Ein guter  Anstoß für die Handlung der Konservativen war der Vertrag von Fontainbleau (1807),in der Godoy die Installation der Französisch-Truppen im Spanien erlaubte.

Un buen impulso para el complot de los conservadores fue el tratado de Fontainbleau, *en el que* godoy permite la instalación de tropas francesas en España.

No sé que preposición usar en ese " en el que / con el que "

¿Es "in"? ¿o "mit"? ¿o no se pone nada?
Tampoco estoy muy seguro de "para" (ein Antoß ¿für? die Handlung)
De nuevo muchísimas gracias. Por cierto me estoy dando cuenta que no tengo ni idea de qué preposición usar, siempre tengo dudas. ¿Alguien sabe algún sitio donde venga bien explicado o me aconseja cómo debería aprenderlas?
Saludos


----------



## kunvla

... Anstoß *zur* Handlung... der Vertrag..., in dem... die Stationierung der französischen Truppen *in* Spanien...


Saludos,


----------



## Aer93

Verdad. Responde a wo?...


----------



## kunvla

Aer93 said:


> Verdad.

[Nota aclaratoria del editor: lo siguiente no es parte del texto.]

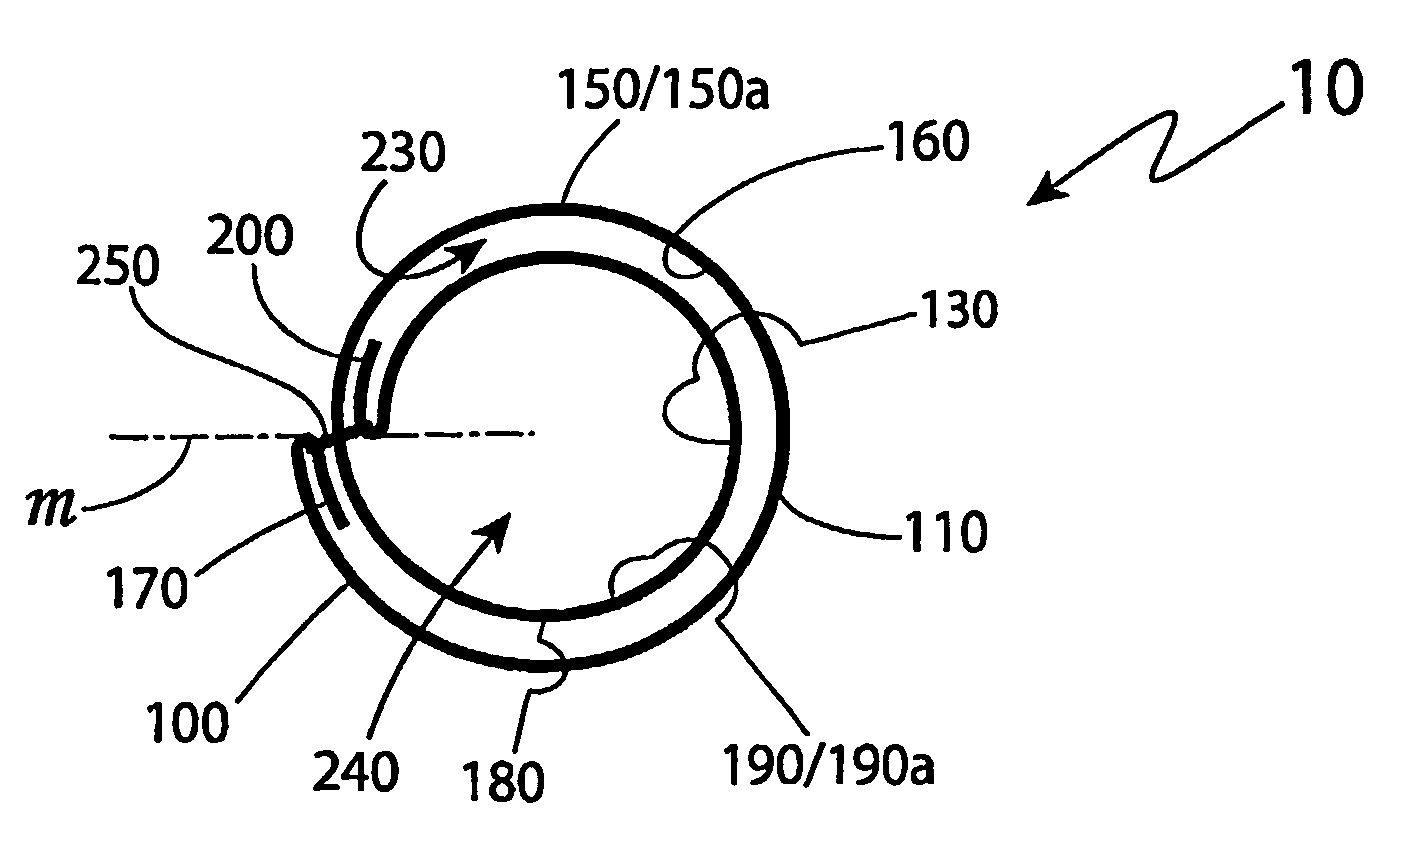 Multilayered pressure vessel and method of manufacturing the same

Responde a wo?...



No, la preposision _zu_ (en este ejemplo _zur_ = _zu + der_) requiere *siempre* *el dativo*.


----------



## Aer93

el zu no lo había visto, me refería al in dem (el tratado en el que.., responde a wo? creo :S) 
¿Hay algún motivo de por qué es zu? ¿o siempre "para" es zu?
Ah, por qué es in Spanien? no sería im?
Gracias


----------



## kunvla

Aer93 said:


> Ah, por qué es in Spanien? no sería im?
> Gracias




¿Y por qué es "en España", y otra vez, por qué es "en *la* España de hoy" o "en la España medieval" ?

Saludos,


----------



## kunvla

Aer93 said:


> el zu no lo había visto, me refería al *in dem* (el tratado en el que.., responde a *wo*? creo :S)
> Gracias



Saludos,


----------



## Aer93

kunvla said:


> Y por qué es "en España" y otra vez por qué es "en la España de hoy" o "en la España medieval" ?



Perdona, no entiendo la pregunta.


----------



## kunvla

Aer93 said:


> Ah, por qué es in Spanien? no sería im?
> Gracias




¿Y por qué es "en España", y otra vez, por qué es "en *la* España de hoy" o "en *la* España medieval" ?

Saludos,



Aer93 said:


> Perdona, no entiendo la pregunta.



Perdona, no es una pregunta, es más bien una respuesta. Sólo quiero demostrar que el español y el alemán son igualmente en este caso, es decir, tienen los determinantes 'de hoy', 'medieval'. En tu ejemplo no hay ningún determinante.

Saludos,


----------



## Aer93

Ahhh ok. Es que busqué la palabra España en un diccionario y ponía neutro, pero ahora lo entiendo. Gracias


----------